Nucleotide transport proteins in bacteria and plant plastids
Responsible scientists: I. Haferkamp, E. Neuhaus
Plant plastids, like chloroplasts and heterotrophic plastids, harbour ATP/ADP-transport proteins (NTT, Nucleotide transporter) exhibiting high structural and functional similarities to nucleotide transporters in intracellular bacteria (Winkler and Neuhaus 1999).
Promoter-GUS-staining of NTT isoforms
Our aim is to identify the function of plastidic nucleotide transporters on the biochemical and physiological level. To characterize these highly hydrophobic membrane proteins we routinely synthesize this group of transporters heterologously in Escherichia coli (Tjaden et al., 1998). It turned out that biochemical properties of recombinant NTT-proteins closely resemble characteristics of authentic proteins in their native membranes (Neuhaus et al., 1998). First structure/function analysis allowed to identify some amino acid residues critical for function (Trentmann et al., 1999).
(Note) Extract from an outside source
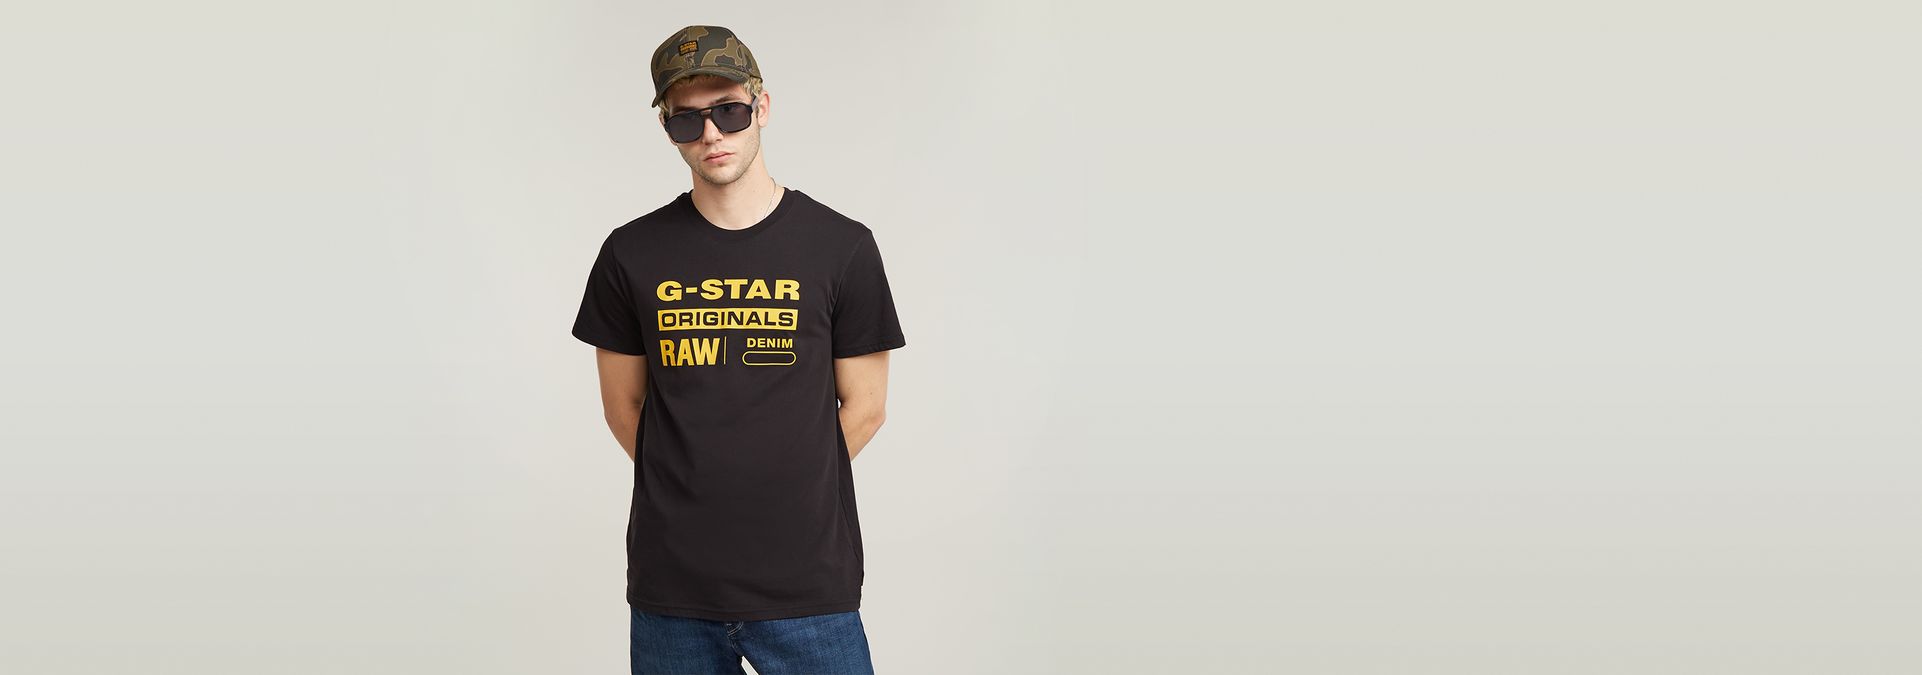 G-Star RAW Men's Originals T-Shirt, Blue | eBay

Physiological implication of plastidic ATP/ADP-transporters have been studied on sense or antisense potato plants (Tjaden et al., 1998) and on knock out plants from Arabidopsis (Reiser et al., 2005). It turned out that the plastidic ATP supply via NTT in potato tubers excert superior control on the rate of starch biosynthesis (Tjaden et al., 1998). In contrast, in Arabidopsis double knock out plants, lacking both functional NTT genes, the level of storage lipid is only reduced by about 40 % of the wildtype level (Reiser et al., 2005). This clearly reveals that the contribution of plastidic ATP/ADP-transport to accumulation of main storage products is strongly species specific. It appears remarkable that Arabidopsis plants with strongly reduced levels of plastidic ATP-import capacity show spontaneous lesions in leaves (unpublished) indicating that alterations in plastid energy metabolism strongly affect plant development.
NTT proteins in bacteria:
The occurrence of transport proteins structurally and functionally similar to plastidic ATP/ADP-transporter in bacteria is fascinating. In fact, up to now bacterial nucleotide transport catalysed by NTT-proteins is limited to obligate intracellular species (Winkler and Neuhaus 1999). We discovered that human pathogenic Chlamydia species contain two NTT isoforms. One acts as a typical ATP/ADP exchanger (connecting host cell energy metabolism to the impaired metabolic machinery of the pathogen), the other is a proton driven nucleoside triphosphate uniporter (Tjaden et al., 1999). The discovery of plastidic ATP/ADP transporters in “primitive” plants like Cyanophora paradoxa (Linka et al., 2003) led us first suppose that this gene originated during plant development. However, detailed phylogenetic analysis clearly indicates that this gene originated in chlamydial ancestors and was horizontally transferred to other bacteria and plants (Schmitz-Esser et al., 2004).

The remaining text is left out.